Same here…except we use Endura…makes for a pin-hole free infusion and easy final clear app. Hey Adam, I read about using the poly-tubing as a bag, with the 4 mil thickness does ever leak? I liked that idea, way easier for sealing bags for envelope infusions…

I got my last batch for Aurora Plastics & Packaging. The outer few feet on the roll can have holes in it due to mishandling in someones warehouse. Once you strip that off the rest is good to go. Who knows who makes it for them or if their suppliers change. As long as I don’t put a hole in it they’ve been good. I use the same material for making bladders for composite tubes.

Adam

Thanks for sharing all these useful tips.

this coating is it available to the US?

I’ve been thinking I want to try to apply urethane pre-infusion, so I painted some urethane, waited over night and infused a small corner of an old mold. This morning it was a huge mess! :frowning: Almost un-demoldable! --But, I’m to blame.

Blunder #1:
As I was pouring hardener into the cup on the scale, I spilled a little. So, after hitting my number, I went across the room to grab a rag with vinegar and I wiped the small spill, then started to pour in the resin. When my gaze shifted from the pouring to look at the weight, I realized the scale had timed out and shut off! @#$! Dang it! Unfortunately, instead of actually thinking, (i.e. doing some math, etc.), like a fool who’s done too much PE in hot weather, I panicked and guessed. (Dumb, Dumb, Dumb!!!) So, I knew the casting would be punky.

Blunder #2:
Months ago I asked someone, (not here), what they used to fix small blemishes. Minwax Spar Urethane. I now suspect that’s not a compatible material?? (I no longer consult that person, BTW! :cool: )

Anyway, I’m not sure if it was my epoxy blunder, or the urethane choice, but the finish was an awful golden brown, stinky mess! (At least where it stayed on the casting anyway!)

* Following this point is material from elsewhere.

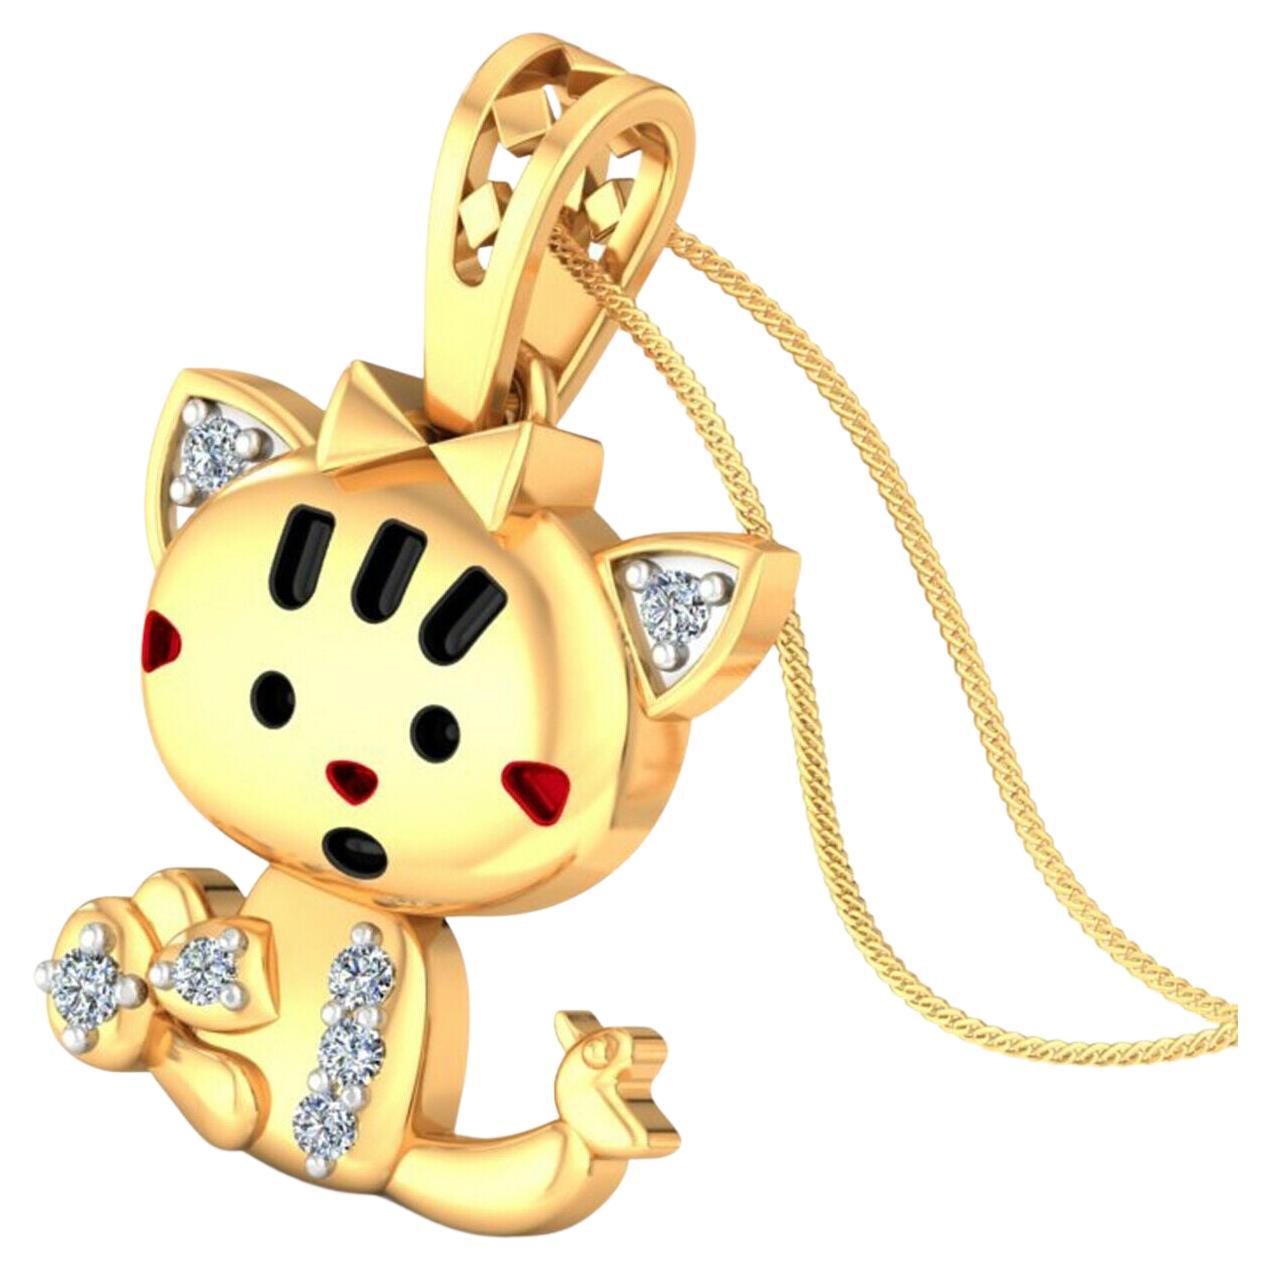 Collier pendentif breloque Hello Kitty en or 14 carats et émail avec diamants

What you use is a two part urethane material? I suspect you also accurately measure your resin, and not pour expensive stuff together and hope it’ll just work? :smiley:

I want to try it again, (after I finish scraping my mold), but I obviously don’t want a repeat performance. :slight_smile: Is the product you use fairly idiot proof? I need the UV protection and doing it in the mold sounds like the ticket.

I use single component lacquers and 2K urethanes depending on the demands and expectations of the structure. Not all paint-resin combinations work well. Some will end up tacky, soft, or foggy. Dupli-color Paint shop clear, for example, is hazy with Adtech 820, pefectly clear and hard with MGS L285, and tacky with USC 635. 2K paints are typically less finicky. I use PPG Deltron DC3000 for clean and Deltron Single Stage 2K for color. Klass Kote epoxy paint works well with most resins but doesn’t have good releases with semi-permanents on certain mold surface coats.

I always layup small flat test molds when making a mold. I can then use these test molds to test release/paint/resin combinations before committing them to the primary mold. I’d recommend doing some testing first. :smiley:

How soon after spraying the clear can you start laying in the fabric etc? Say for a wet layup mold?
If it cures and I have to scuff, I’m worried about scratches showing

It depends on the clear-coat and how it is cured. With lacquer I often do the layup after about 1 hour. I either IR cure 2K or force cure it with heat. I have done layups within 30 minutes with this technique. I’ve also let these set for days before doing the layup. I use epoxy so the bonding to the paint has always been good. Many people let 2K cure for 12 to 24 hours before proceeding. Typically you at least want the paint to be dry to the touch.

Again, test it to see how your resin and paint get a long. You can also use .014" mylar to perform test samples. Wax it, shoot several squares with your paint, and then do simple hand layups on them at different time intervals with your resin. Once cured peel them off and see how they look, feel, and bond.

Adam

PM dpaine. I know he was selling the MTI hose until the USA dist. was set up so he might also have some of this.